- Task goal
Reproduce the following data exactly, minus any images.

- Source material

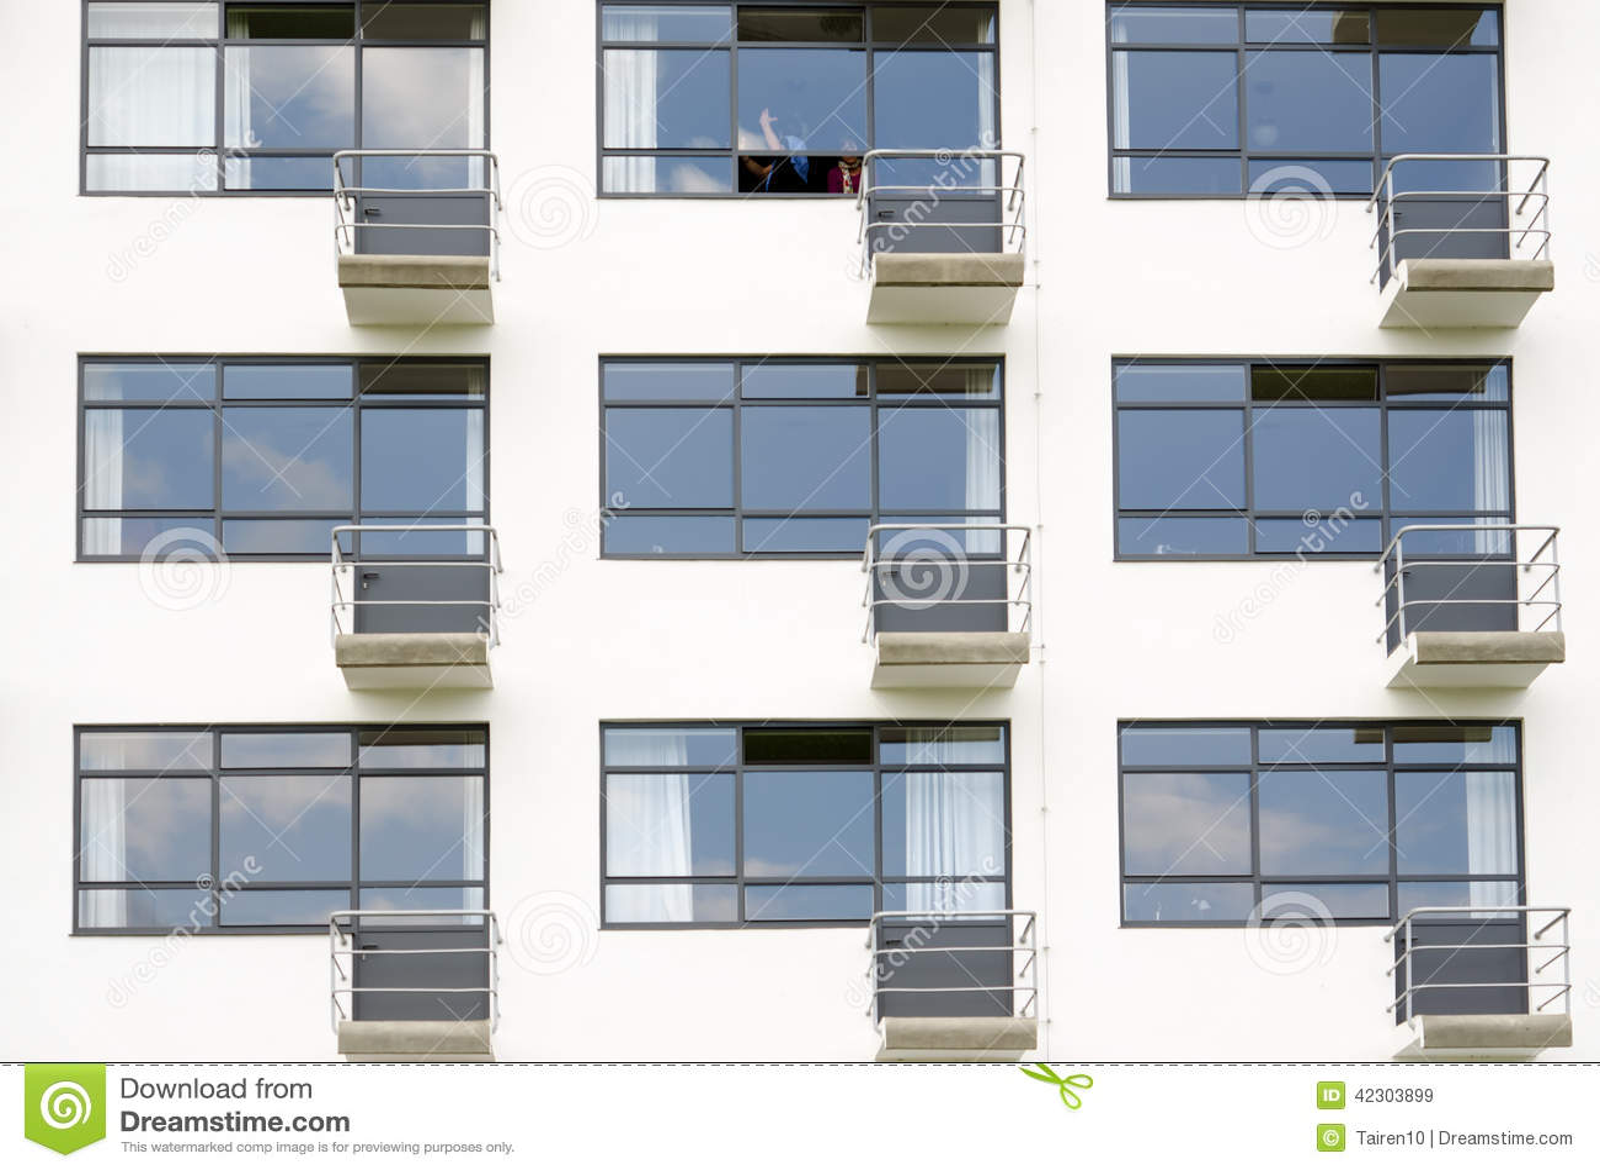 Facade with balconies stock photo image 42303899 for Pisos para balcones exteriores
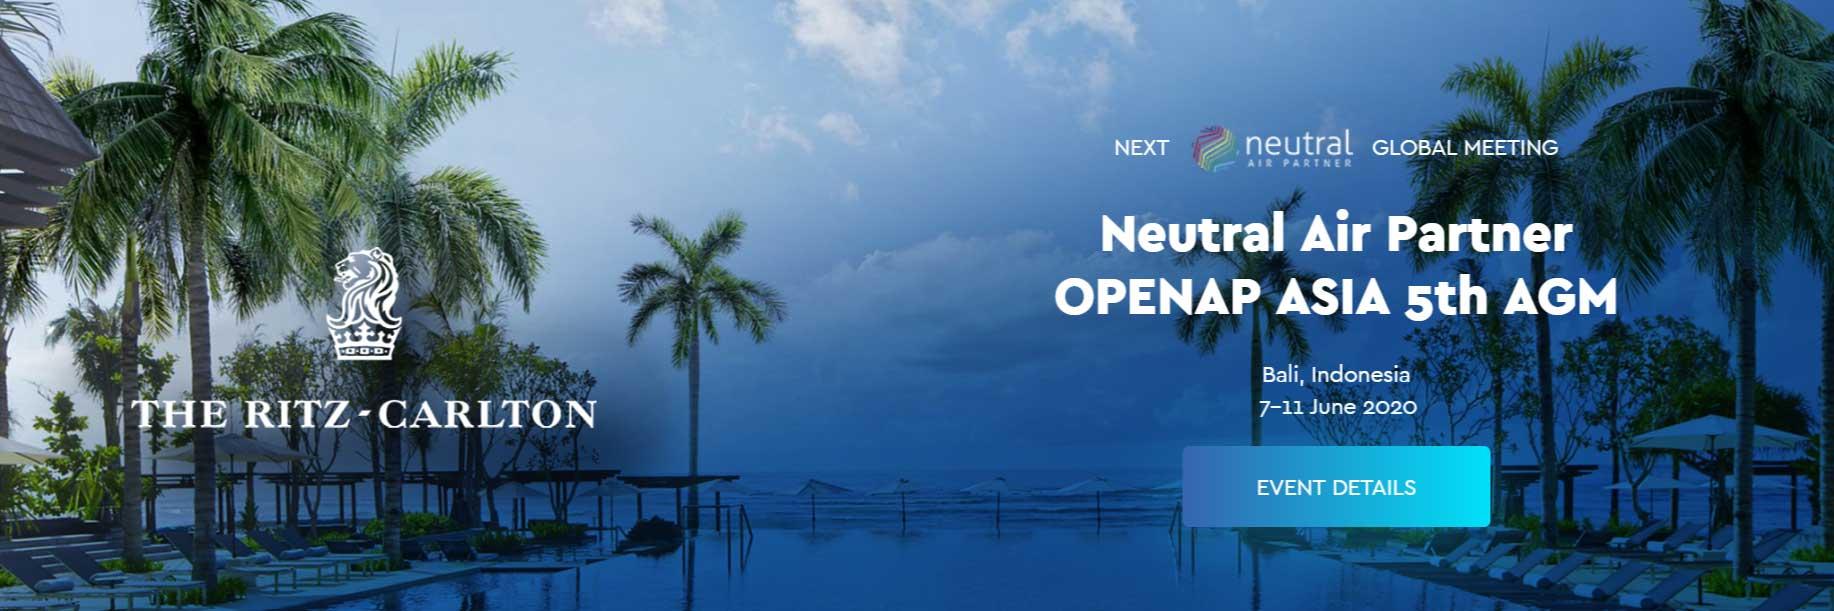 https://openap.neutralairpartner.com/wp-content/uploads/2019/08/Openap2020.jpg
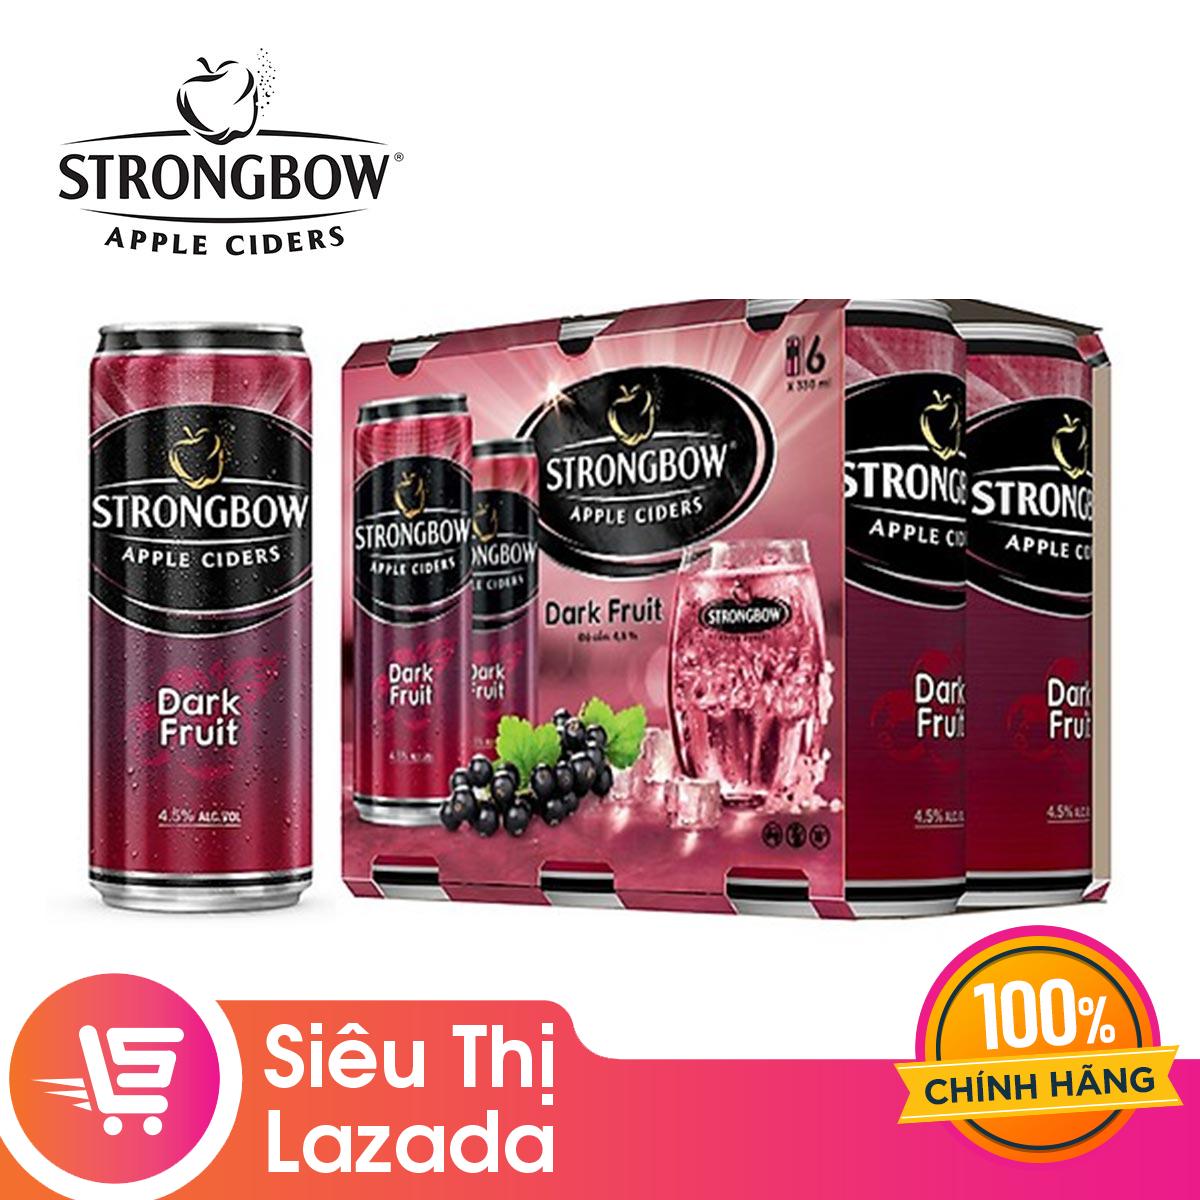 [Quà Tặng Không Bán] Lốc 6 lon nước dâu đen lên men Strongbow 330ml (vị Dark Fruit)

- Response
 Facade with balconies stock photo image 42303899 for Pisos para balcones exteriores
 https://openap.neutralairpartner.com/wp-content/uploads/2019/08/Openap2020.jpg
 [Quà Tặng Không Bán] Lốc 6 lon nước dâu đen lên men Strongbow 330ml (vị Dark Fruit)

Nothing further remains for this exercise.